Personal information
- Full name: Haji Abdul Khair bin Haji Basri
- Date of birth: 5 January 1996 (age 30)
- Place of birth: Brunei
- Height: 1.71 m (5 ft 7 in)
- Position: Midfielder

Team information
- Current team: Indera SC
- Number: 17

Youth career
- 2010: PIP
- 2013: Muara Vella

Senior career*
- Years: Team / Apps / (Gls)
- 2013–2014: Indera /  / (2)
- 2015–2016: Tabuan Muda /  / (2)
- 2018–: Indera /  / (5)

International career^{‡}
- 2014: Brunei U21 / 2 / (0)
- 2014: Brunei U23 / 2 / (0)
- 2015–2022: Brunei / 3 / (0)

= Abdul Khair Basri =

Bruneian footballer (born 1996)

Haji Abdul Khair bin Haji Basri (born 5 January 1996) is a Bruneian international footballer who plays for Indera SC. Predominantly a central midfielder, his attributes and versatility also allows him to play as a centre-back or as a forward when required.

==Club career==
Khair is a graduate of Projek Ikan Pusu (PIP), a successful local grassroots football scheme that also produced Brunei internationals such as Yura Indera Putera Yunos and Aman Abdul Rahim. He moved to Indera SC in 2013, and won the first ever Brunei Super League championship.

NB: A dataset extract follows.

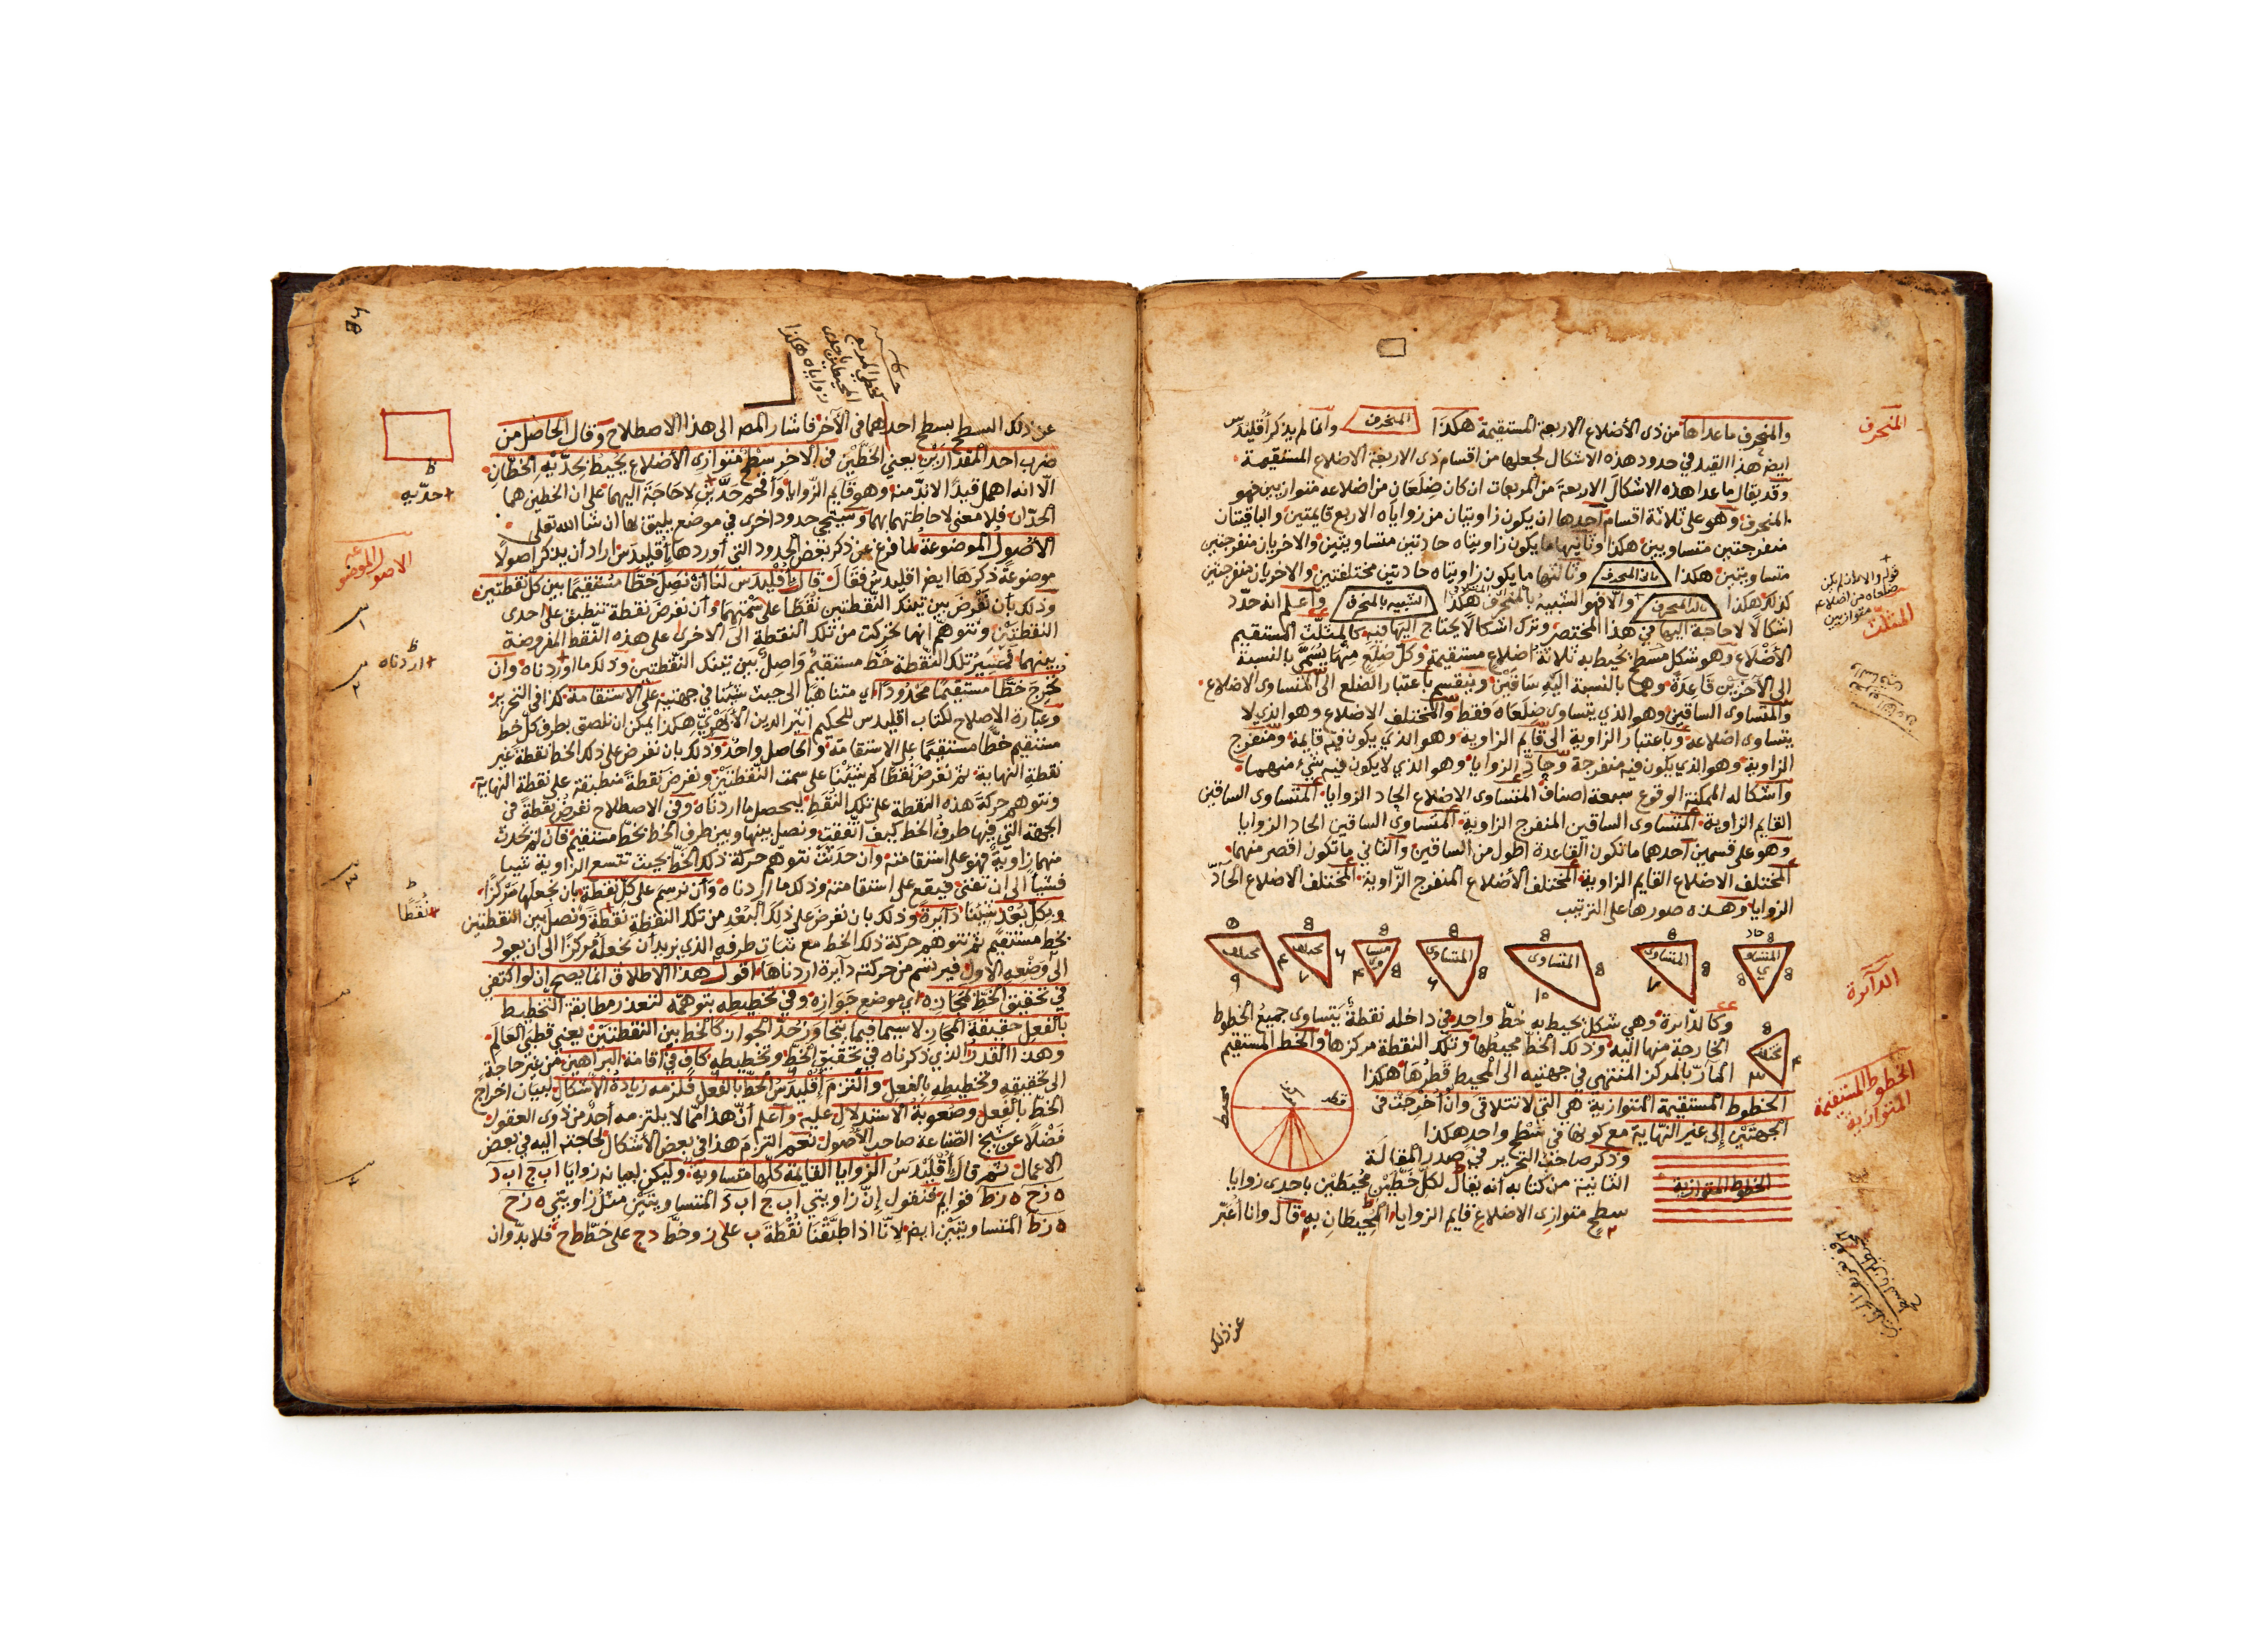 ABDUL MOUTI BIN HASSAN BIN ABDULLAH AL MEKKI, A MANUSCRIPT ABOUT GEOMETRY & MATHS, DATED 983AH

Khair was captain of Tabuan Muda, a league team that was formed by the NFABD to prepare for international competitions. They finished in mid-table in the 2015 and 2016 seasons of the Bruneian top flight.

After taking time off for studies in 2017, he re-signed for Indera in early 2018, appearing at the 4–1 win over IKLS FC in the FA Cup.

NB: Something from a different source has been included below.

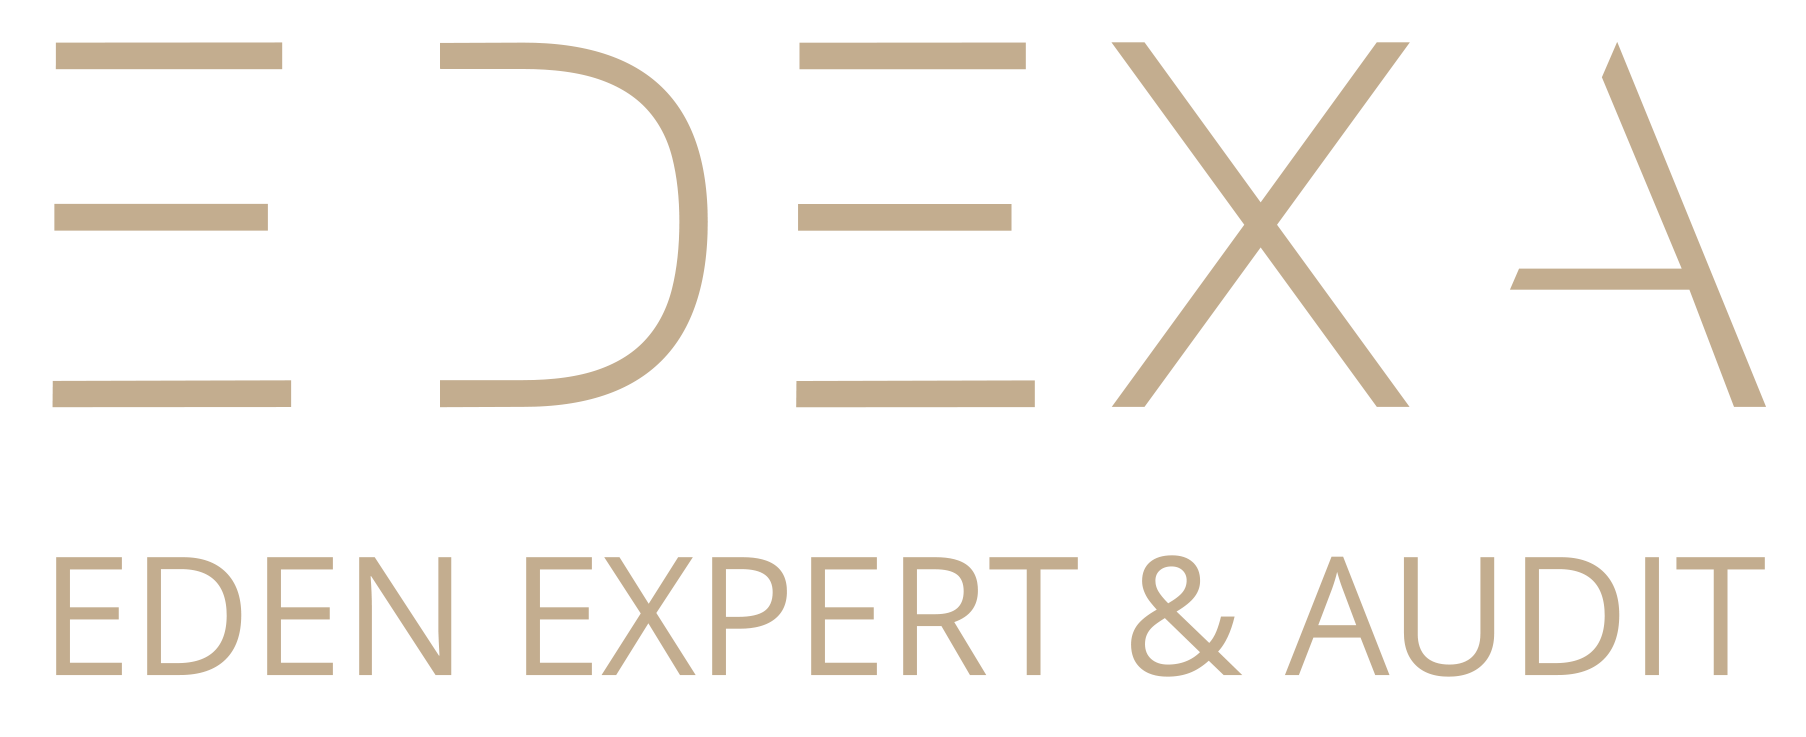 EDEXA - Eden Expert & Audit

In recent times, Khair has been captaining the side in the absence of Amirul Hakeem Kasim and Hamizan Aziz Sulaiman. He led the team to the final of the 2025 Brunei FA Cup, scoring in the semis against MS ABDB. On 18 May 2025 Khair started the match as captain against DPMM FC II in a narrow 1–0 loss.

On 19 September 2025, Khair's long-range goal against Jerudong FC became the first goal of the 2025–26 Brunei Super League in a 0–3 win. The captain led Indera to the championship after winning the title-decider against Kasuka FC in a 3–2 victory on 19 April 2026.

==International career==
Khair was a member of the Brunei under-21 team that played in the 2014 Hassanal Bolkiah Trophy. He made his sole appearance in the final group game against Malaysia where despite winning the match 2–1, the home side failed to advance to the semi-final stage on goal difference.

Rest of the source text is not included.